Convenience fees, a part of ticket services of IRCTC, is among the most profitable segments. The EBITDA margin in the segment (ticketing sales) works out to be a whopping 85 per cent (with ₹300 crore of profit before tax). In comparison, margins from catering, bottled water sales and tourism were around 12 per cent, 12.5 per cent and 17 per cent.
Nearly, 72 per cent of its internet ticketing service earnings comprise convenience fees.
For the company, convenience fee earnings were 20 per cent of its revenues, that is ₹2 is convenience fee from revenue of ₹10. Effectively convenience fees were ₹254 crore for the Oct-Dec period, where revenue stood at ₹1225 crore.
The IRCTC top brass during an investor call allayed fears of a revenue hit because of the launch of the super-app.
“There is no impact on our convenience fee (collections); because this (SwaRail) is one of the many modes of bookings that we are doing. All convenience fee collections will come to IRCTC,” Sanjay Kumar Jain, Chairman and Managing Director, IRCTC Ltd said.
Why the concern
The Beta version of this super-app was released by the national transporter on January 31 with CRIS (Centre for Railway Information Systems) claiming that it would allow reserved ticket bookings, unreserved ticket and platform ticket booking, parcel and freight enquiries, train and PNR status enquiries, food orders on trains and complaint management.
Incidentally, services like food orders and reserved ticket bookings can also be done through the company’s own app and official website.
Currently, any ticket booking done via OTAs (online travel aggregators) or third-party apps is routed through IRCTC search engines, allowing it to collect convenience fees. The same will be the case in the case of the railway super-app, officials said.
High Market Share
Nearly 87-88 per cent of all internet ticket booking for Railways is done either through the company’s official app or website at present – thereby making it the dominant market player.
For Q3FY25, IRCTC had 30 per cent of its revenues coming from internet ticketing – that is ₹354 crore out of ₹1,225 crore. Internet ticketing services saw a 6 per cent increase y-o-y from ₹335 crore; while convenience fee collections saw a similar 6.3 per cent rise over Q3FY24 (last year).

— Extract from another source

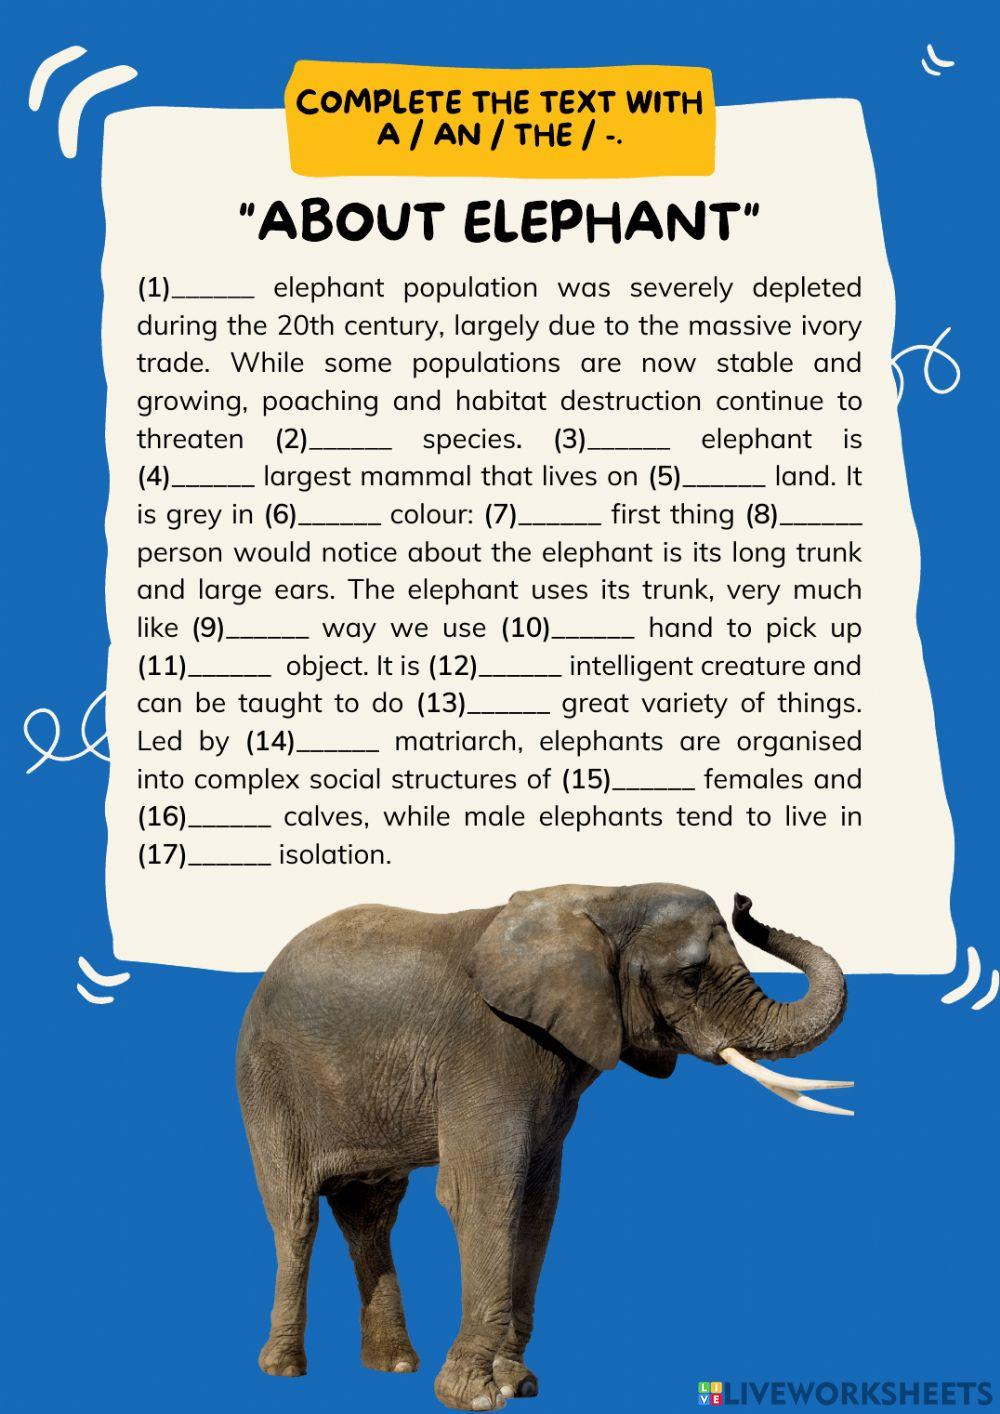 About Elephant

The issue of collecting convenience fees and retaining control over internet ticketing had been a point that was raised across multiple meetings between IRCTC, CRIS and Railway Ministry officials at the time of the development of the super-app.
According to Jain, there could be flattening of market share now in the segment.
“However, we are trying to shore up booking volumes as new trains get introduced and also increase the share of non – convenience fee earnings. Increased catering services is something we are looking at too,” he said.